__Available records__:
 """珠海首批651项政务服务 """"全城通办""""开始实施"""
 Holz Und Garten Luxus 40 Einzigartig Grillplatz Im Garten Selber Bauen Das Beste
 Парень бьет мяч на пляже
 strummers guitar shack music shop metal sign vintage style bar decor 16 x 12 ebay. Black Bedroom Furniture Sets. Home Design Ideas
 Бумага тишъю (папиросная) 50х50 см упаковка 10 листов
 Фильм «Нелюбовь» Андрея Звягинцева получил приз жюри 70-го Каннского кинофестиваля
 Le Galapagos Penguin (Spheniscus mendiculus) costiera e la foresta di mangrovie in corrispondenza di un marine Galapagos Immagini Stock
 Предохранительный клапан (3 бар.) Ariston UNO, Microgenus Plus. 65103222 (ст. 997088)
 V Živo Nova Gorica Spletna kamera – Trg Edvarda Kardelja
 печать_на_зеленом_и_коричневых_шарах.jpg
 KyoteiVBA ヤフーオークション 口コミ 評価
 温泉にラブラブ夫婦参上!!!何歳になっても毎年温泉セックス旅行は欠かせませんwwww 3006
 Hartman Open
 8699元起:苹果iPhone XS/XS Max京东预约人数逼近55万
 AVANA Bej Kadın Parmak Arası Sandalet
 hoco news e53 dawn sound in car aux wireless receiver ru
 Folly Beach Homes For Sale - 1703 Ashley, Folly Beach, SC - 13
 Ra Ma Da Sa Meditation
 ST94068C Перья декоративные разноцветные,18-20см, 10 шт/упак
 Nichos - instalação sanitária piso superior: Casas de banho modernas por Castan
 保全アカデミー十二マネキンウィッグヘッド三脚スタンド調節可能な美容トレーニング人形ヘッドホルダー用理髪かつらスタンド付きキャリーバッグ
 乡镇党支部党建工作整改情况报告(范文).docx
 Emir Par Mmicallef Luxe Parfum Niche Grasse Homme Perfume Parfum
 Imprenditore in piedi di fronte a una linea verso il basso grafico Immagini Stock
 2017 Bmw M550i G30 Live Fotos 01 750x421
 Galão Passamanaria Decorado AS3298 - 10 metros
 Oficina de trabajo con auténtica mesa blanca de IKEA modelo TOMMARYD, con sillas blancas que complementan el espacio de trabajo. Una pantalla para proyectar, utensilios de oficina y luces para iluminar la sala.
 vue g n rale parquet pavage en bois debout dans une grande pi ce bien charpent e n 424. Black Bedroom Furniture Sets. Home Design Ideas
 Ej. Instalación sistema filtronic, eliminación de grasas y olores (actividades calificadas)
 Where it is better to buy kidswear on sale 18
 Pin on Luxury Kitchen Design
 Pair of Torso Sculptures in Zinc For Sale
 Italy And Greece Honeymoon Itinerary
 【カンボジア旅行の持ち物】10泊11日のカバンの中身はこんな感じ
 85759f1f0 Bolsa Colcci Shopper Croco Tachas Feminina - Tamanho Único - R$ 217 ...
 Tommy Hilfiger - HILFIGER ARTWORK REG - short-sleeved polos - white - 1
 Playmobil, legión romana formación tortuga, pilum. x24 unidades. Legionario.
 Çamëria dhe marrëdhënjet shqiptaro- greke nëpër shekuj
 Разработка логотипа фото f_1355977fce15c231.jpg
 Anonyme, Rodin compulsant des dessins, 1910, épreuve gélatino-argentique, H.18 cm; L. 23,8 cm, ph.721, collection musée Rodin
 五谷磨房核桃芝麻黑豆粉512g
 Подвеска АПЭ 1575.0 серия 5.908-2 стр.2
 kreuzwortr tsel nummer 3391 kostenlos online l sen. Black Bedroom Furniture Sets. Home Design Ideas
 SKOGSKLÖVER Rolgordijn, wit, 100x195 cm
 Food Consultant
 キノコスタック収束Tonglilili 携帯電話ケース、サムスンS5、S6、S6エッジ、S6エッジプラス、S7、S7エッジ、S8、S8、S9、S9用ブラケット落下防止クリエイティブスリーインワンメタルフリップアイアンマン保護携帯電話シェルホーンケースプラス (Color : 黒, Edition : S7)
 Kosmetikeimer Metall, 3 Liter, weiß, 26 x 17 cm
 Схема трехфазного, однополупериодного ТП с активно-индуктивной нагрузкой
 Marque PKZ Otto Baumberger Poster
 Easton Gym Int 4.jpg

__Work request__: Lines with the word "Ideas" in them: report all of these from the listing above.

__Answer box__:
 strummers guitar shack music shop metal sign vintage style bar decor 16 x 12 ebay. Black Bedroom Furniture Sets. Home Design Ideas
 vue g n rale parquet pavage en bois debout dans une grande pi ce bien charpent e n 424. Black Bedroom Furniture Sets. Home Design Ideas
 kreuzwortr tsel nummer 3391 kostenlos online l sen. Black Bedroom Furniture Sets. Home Design Ideas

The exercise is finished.